2.5.1. Dit betoog slaagt evenmin. Naar aanleiding van het bij brief van 8 mei 1996 door [appellant] aan het college kenbaar gemaakte voornemen om het pand aan [locatie 2] bij de woning aan [locatie 1] te voegen, heeft het college hem bij de brief van 14 augustus 1996 medegedeeld dat het in beginsel bereid is hieraan medewerking te verlenen en [appellant] zich voor inlichtingen over de in te dienen bouwaanvraag tot de in de brief genoemde medewerker kan wenden. De brief strekt er aldus toe dat het college een besluit omtrent het verlenen van vrijstelling en bouwvergunning zal nemen, nadat [appellant] hiertoe een aanvraag heeft ingediend. Hij heeft dat niet gedaan.

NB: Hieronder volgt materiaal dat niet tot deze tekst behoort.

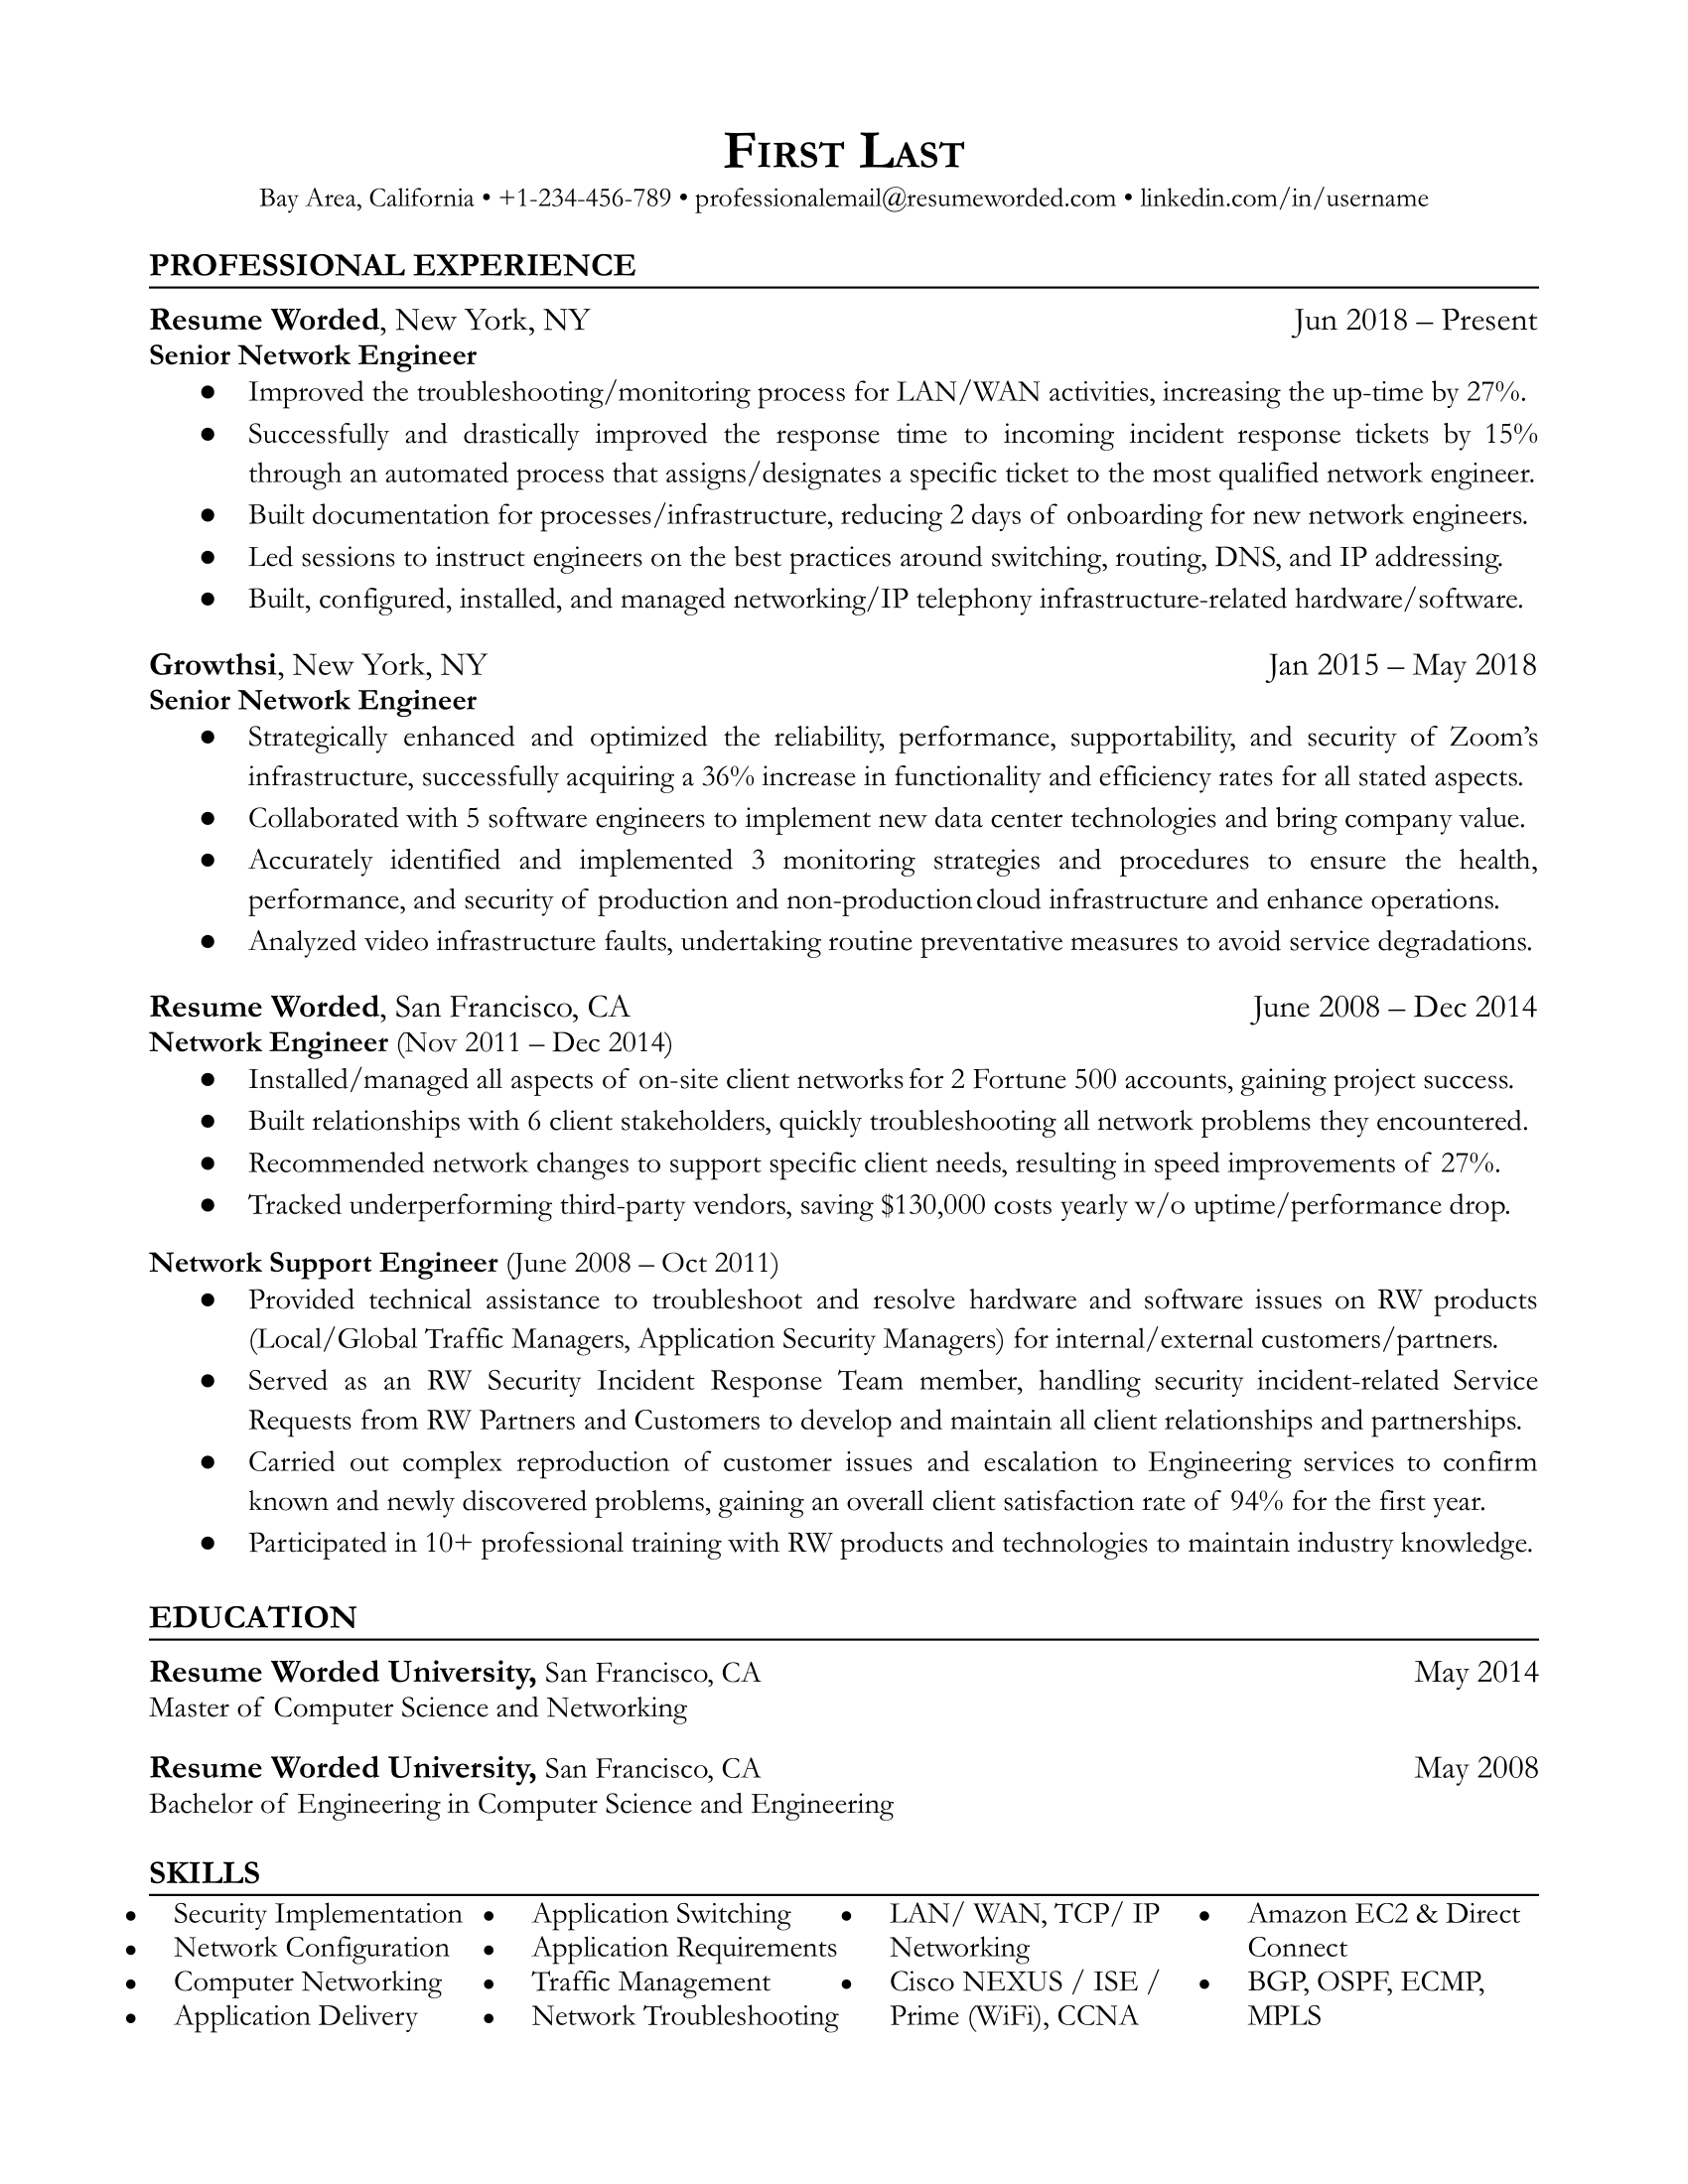 Senior network engineer resume with past promotions and effective action verbs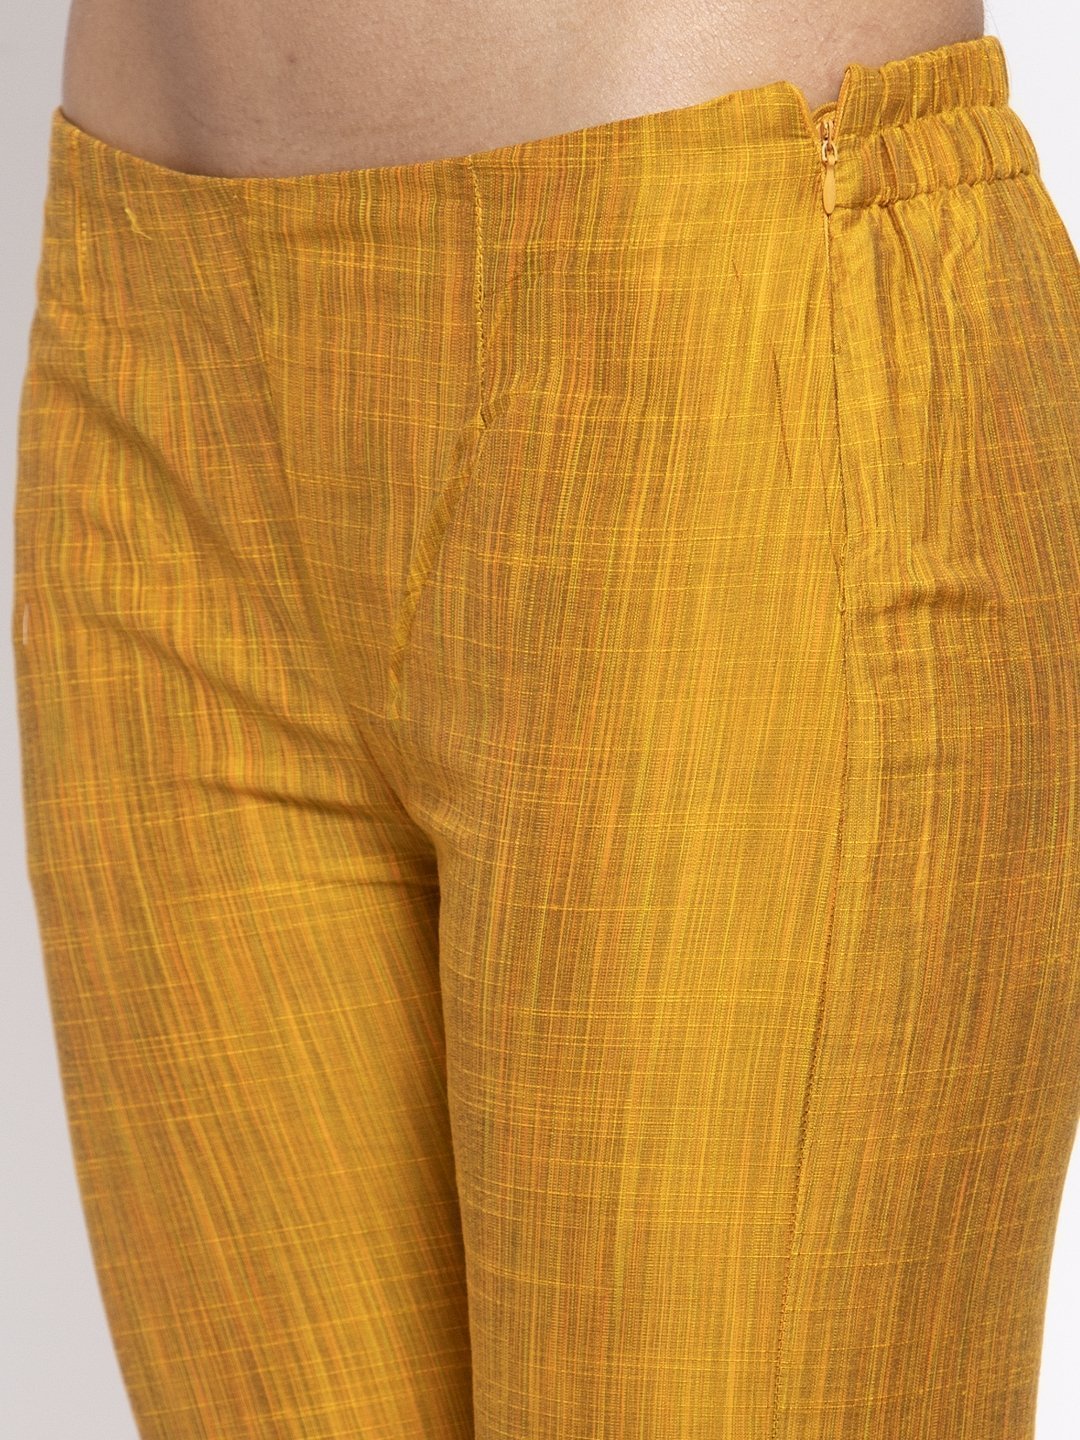 Women's Yellow Self Striped Kurta with Trousers & Floral Gorgette Dupatta - Jompers

2.6. Ten slotte betoogt [appellant] evenzeer tevergeefs dat de rechtbank heeft miskend dat het college met de weigering het gelijkheidsbeginsel heeft geschonden. Het door hem in dat verband vermelde bouwplan aan de [locatie 3], waarvoor het college, naar gesteld, voornemens is vrijstelling te verlenen, betreft het oprichten van zeven zorgwoningen nabij een op te richten woonvoorziening ten behoeve van dementerende bejaarden. Nu met dat bouwplan maatschappelijke doeleinden worden gediend, betreft het reeds daarom geen gelijk, dan wel gelijk te stellen geval.
2.7. Het hoger beroep is ongegrond. De aangevallen uitspraak dient te worden bevestigd.
2.8. Voor een proceskostenveroordeling bestaat geen aanleiding.
De Afdeling bestuursrechtspraak van de Raad van State
Recht doende in naam der Koningin:
bevestigt de aangevallen uitspraak.
Aldus vastgesteld door mr. R.W.L. Loeb, lid van de enkelvoudige kamer, in tegenwoordigheid van mr. J.A.W. Huijben, ambtenaar van staat.